In the summer of 2023, Greeks reclaimed the beaches from sunbeds and beach bars. The protest is often called the “towel movement”. The government has imposed stricter rules on the usage of the beaches and ensured that these are respected through regular inspections. In Greece, all beaches are freely accessible by law and can’t be private.
The stakes are high for the Greek economy. After greater than a decade of austerity following the financial crisis, GDP continues to be much lower than it was before 2008. One vivid spot is tourism, which has broken pre-pandemic records and can account for nearly a fifth of economic output in 2023, based on the World Travel and Tourism Council.

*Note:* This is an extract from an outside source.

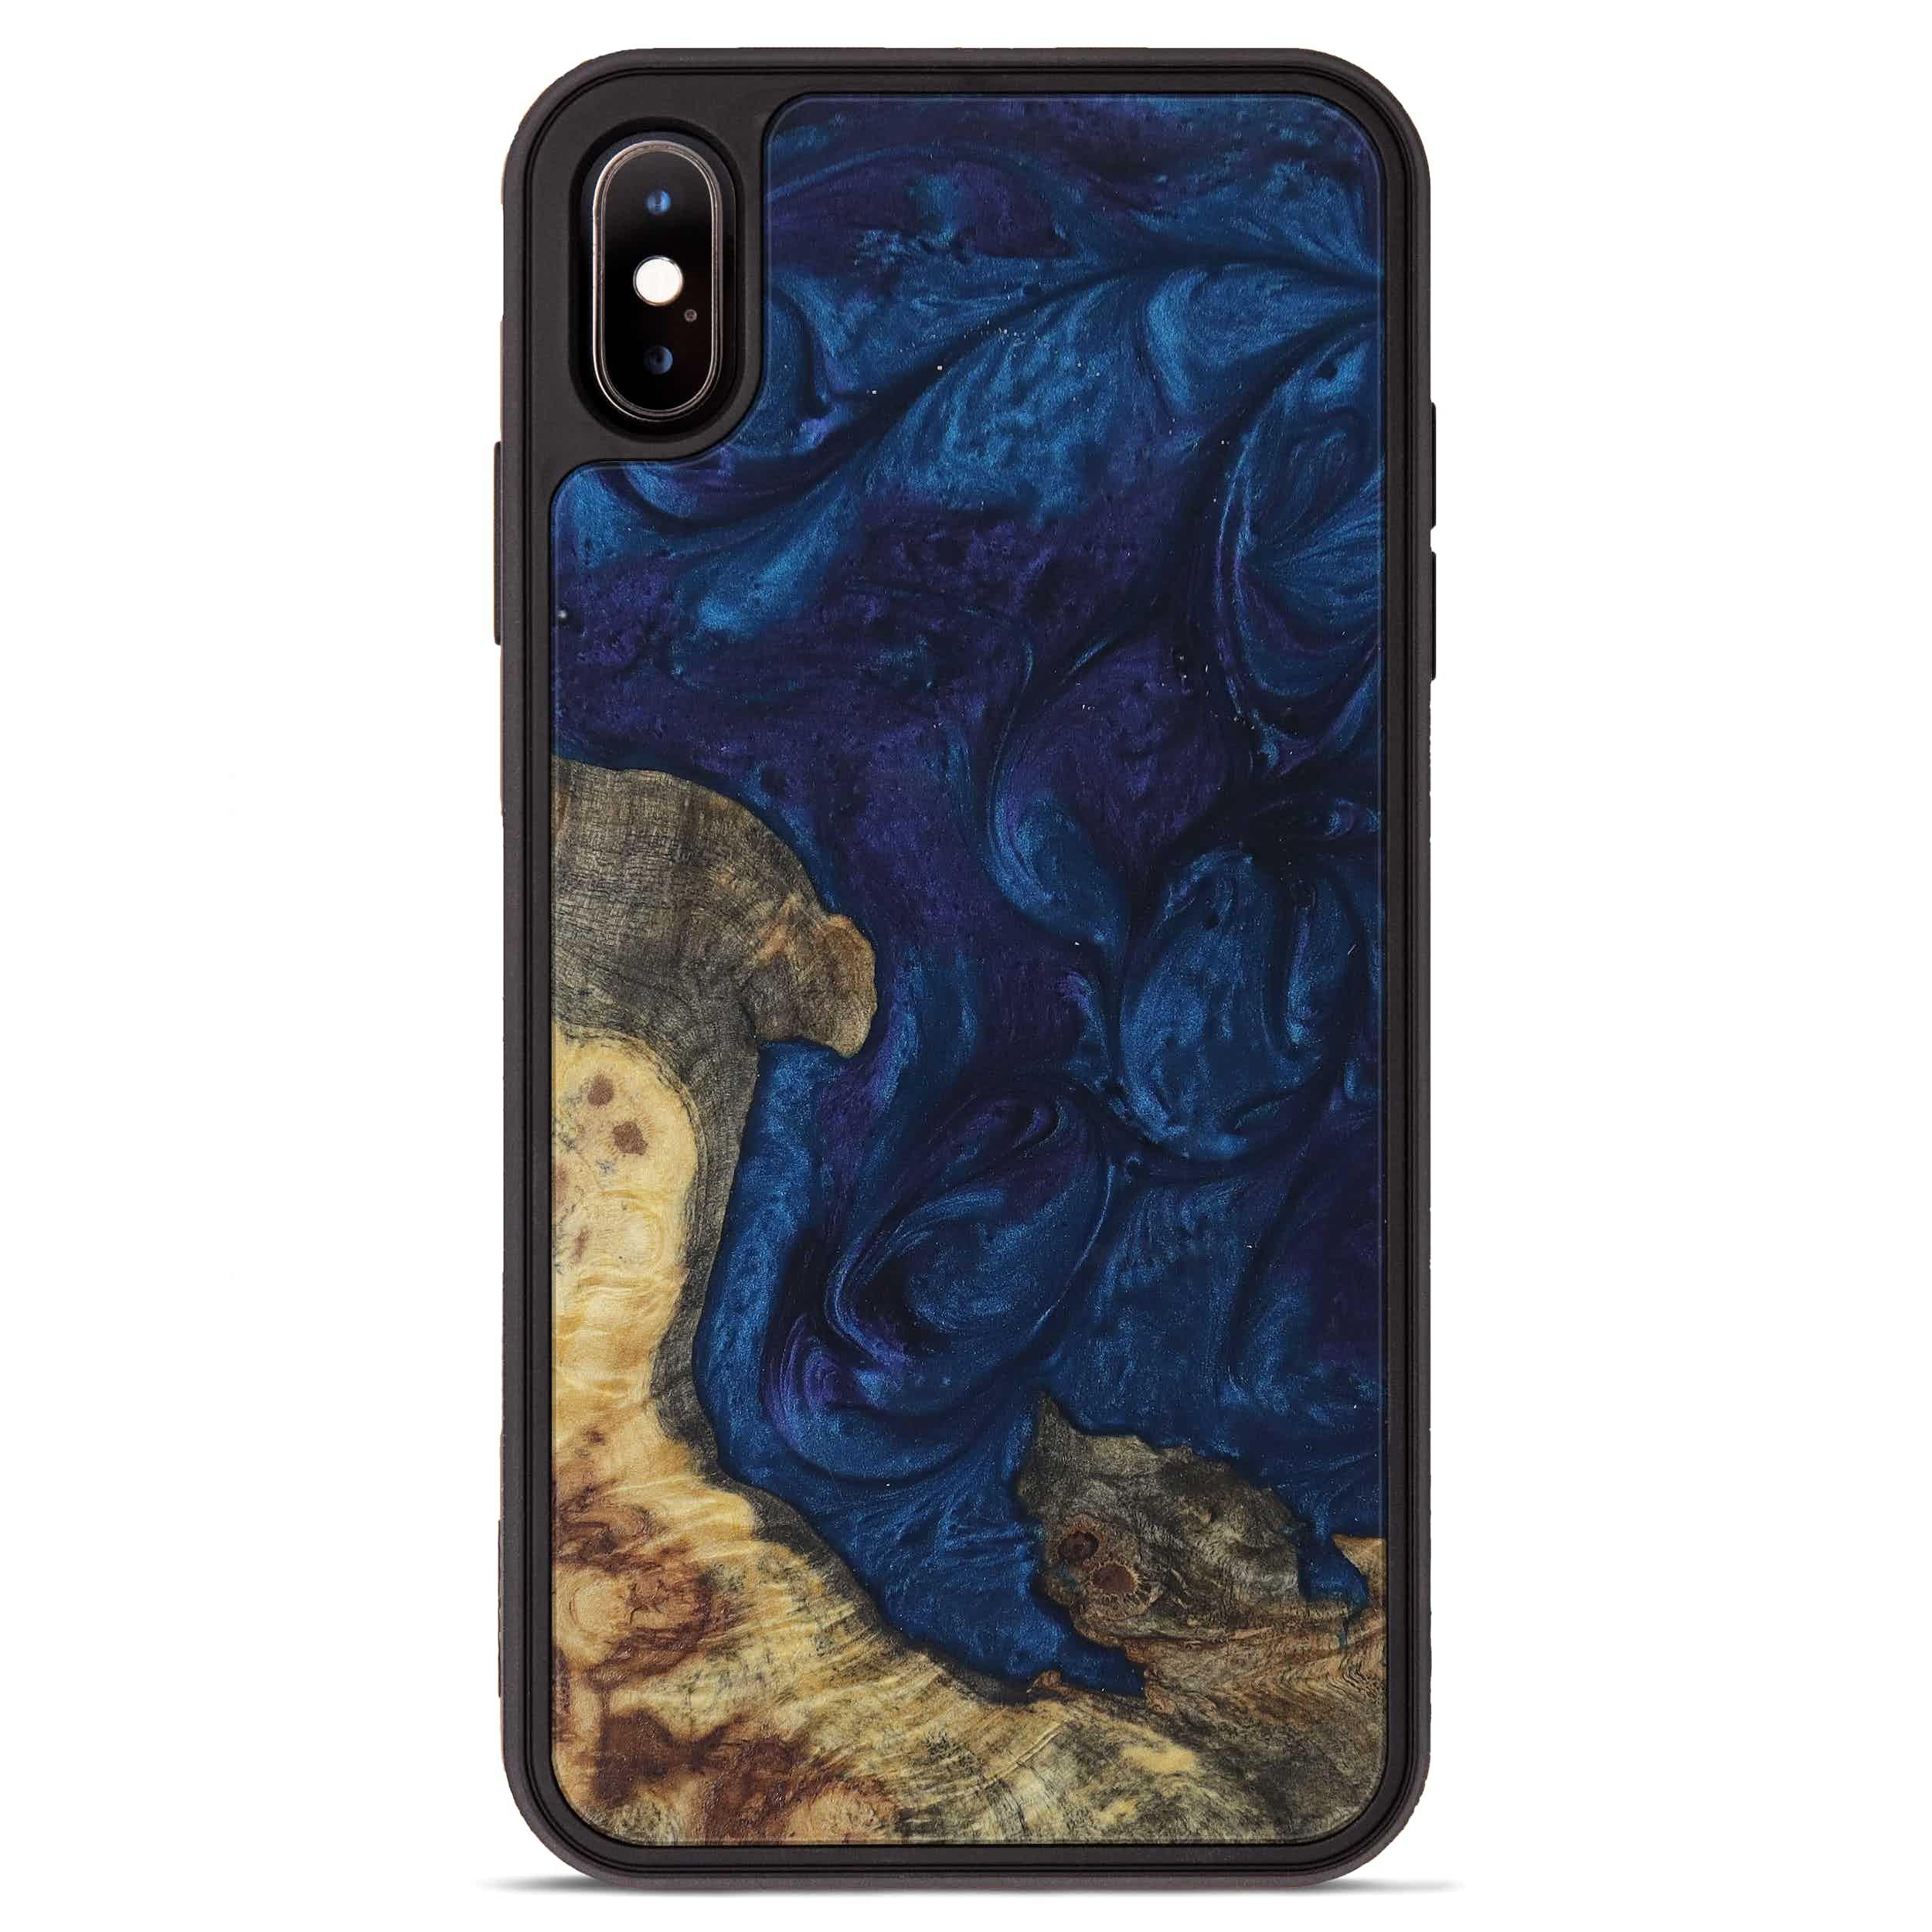 iPhone Xs Max Wood+Resin Phone Case - Ilse (Dark Blue, 394718)

According to the Bank of Greece, the country attracted 32.7 million tourists in 2023, 18% greater than the previous yr, while the primary quarter of 2024 brought almost 25% more visitors than the identical period last yr.
Sites in danger
Meanwhile, the pressure continues to mount in some places. A number of islands away from Santorini, in the favored beach resort of Serifos, Mayor Konstantinos Revinthis said that no restaurants could be open from December to February. “Nothing is open for the locals on Serifos anymore,” he said.
Serifos, together with Folegandros and Sifnos, made it onto the list of Europe’s most endangered sites this yr, compiled by the heritage conservation group Europa Nostra, which cited “unrestrained construction” and the destruction of natural resources. Forest fires break out in July, while the heatwave in Greece continues to be smoldering.
Revinthis said “tourists will be in for a nasty surprise this year due to the water shortage” and must also prepare for worsening traffic congestion that might cause them to miss their ferry departure time. “They need to know that they will not be able to shower unless there is an immediate solution.”